/docs/source/install.rst
https://github.com/dask/dask · ReStructuredText · 140 lines · 105 code · 35 blank · 0 comment · 0 complexity · 7a29628ae1cef81f3e9fd50a232316d8 MD5 · raw file
- Install Dask
- ============
- You can install dask with ``conda``, with ``pip``, or by installing from source.
- Conda
- -----
- Dask is installed by default in `Anaconda <https://www.anaconda.com/download/>`_.
- You can update Dask using the `conda <https://www.anaconda.com/download/>`_ command::
- conda install dask
- This installs Dask and **all** common dependencies, including Pandas and NumPy.
- Dask packages are maintained both on the default channel and on `conda-forge <https://conda-forge.github.io/>`_.

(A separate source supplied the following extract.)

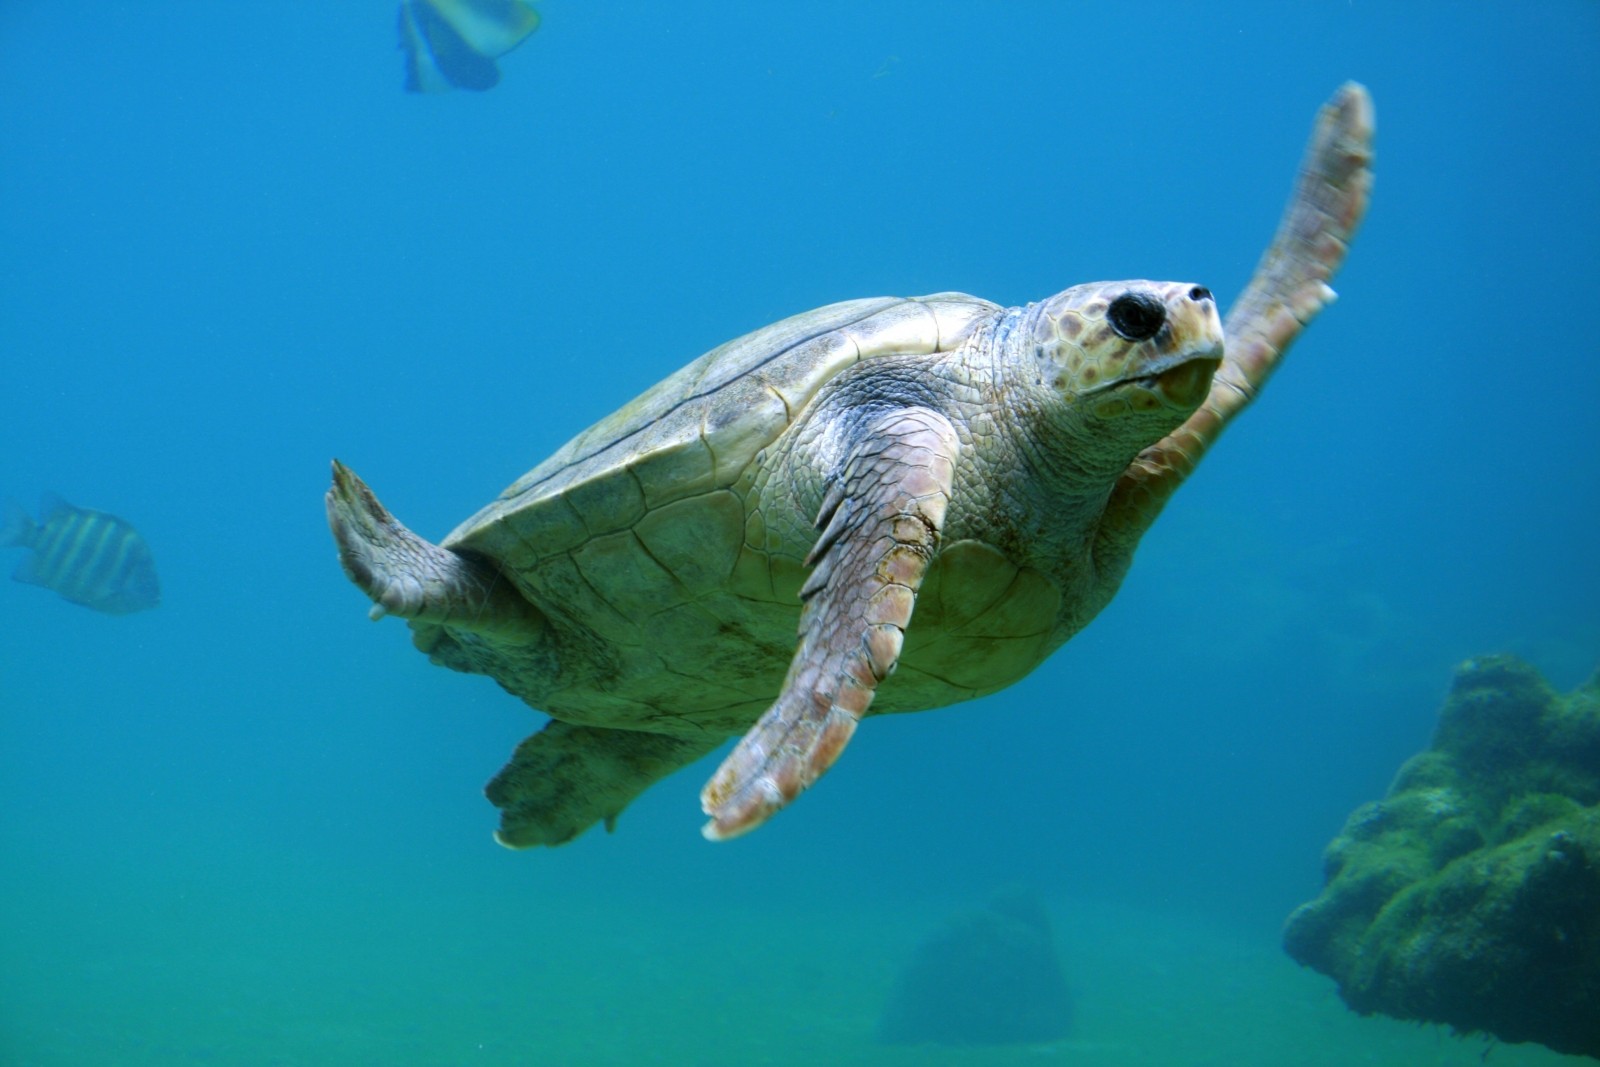 Turtles - one of the many animals at risk of bycatch in fishing nets

- Optionally, you can obtain a minimal Dask installation using the following command::
- conda install dask-core
- This will install a minimal set of dependencies required to run Dask similar to (but not exactly the same as) ``python -m pip install dask`` below.
- Pip
- ---
- You can install everything required for most common uses of Dask (arrays,
- dataframes, ...) This installs both Dask and dependencies like NumPy, Pandas,
- and so on that are necessary for different workloads. This is often the right
- choice for Dask users::
- python -m pip install "dask[complete]" # Install everything
- You can also install only the Dask library. Modules like ``dask.array``,
- ``dask.dataframe``, ``dask.delayed``, or ``dask.distributed`` won't work until you also install NumPy,
- Pandas, Toolz, or Tornado, respectively. This is common for downstream library
- maintainers::
- python -m pip install dask # Install only core parts of dask
- We also maintain other dependency sets for different subsets of functionality::
- python -m pip install "dask[array]" # Install requirements for dask array
- python -m pip install "dask[bag]" # Install requirements for dask bag
- python -m pip install "dask[dataframe]" # Install requirements for dask dataframe
- python -m pip install "dask[delayed]" # Install requirements for dask delayed
- python -m pip install "dask[distributed]" # Install requirements for distributed dask
- We have these options so that users of the lightweight core Dask scheduler
- aren't required to download the more exotic dependencies of the collections
- (Numpy, Pandas, Tornado, etc.).
- Install from Source
- -------------------
- To install Dask from source, clone the repository from `github
- <https://github.com/dask/dask>`_::
- git clone https://github.com/dask/dask.git
- cd dask
- python -m pip install .
- You can also install all dependencies as well::
- python -m pip install ".[complete]"
- You can view the list of all dependencies within the ``extras_require`` field
- of ``setup.py``.
- Or do a developer install by using the ``-e`` flag::
- python -m pip install -e .
- Anaconda
- --------
- Dask is included by default in the `Anaconda distribution <https://www.anaconda.com/download>`_.
- Optional dependencies
- ---------------------
- Specific functionality in Dask may require additional optional dependencies.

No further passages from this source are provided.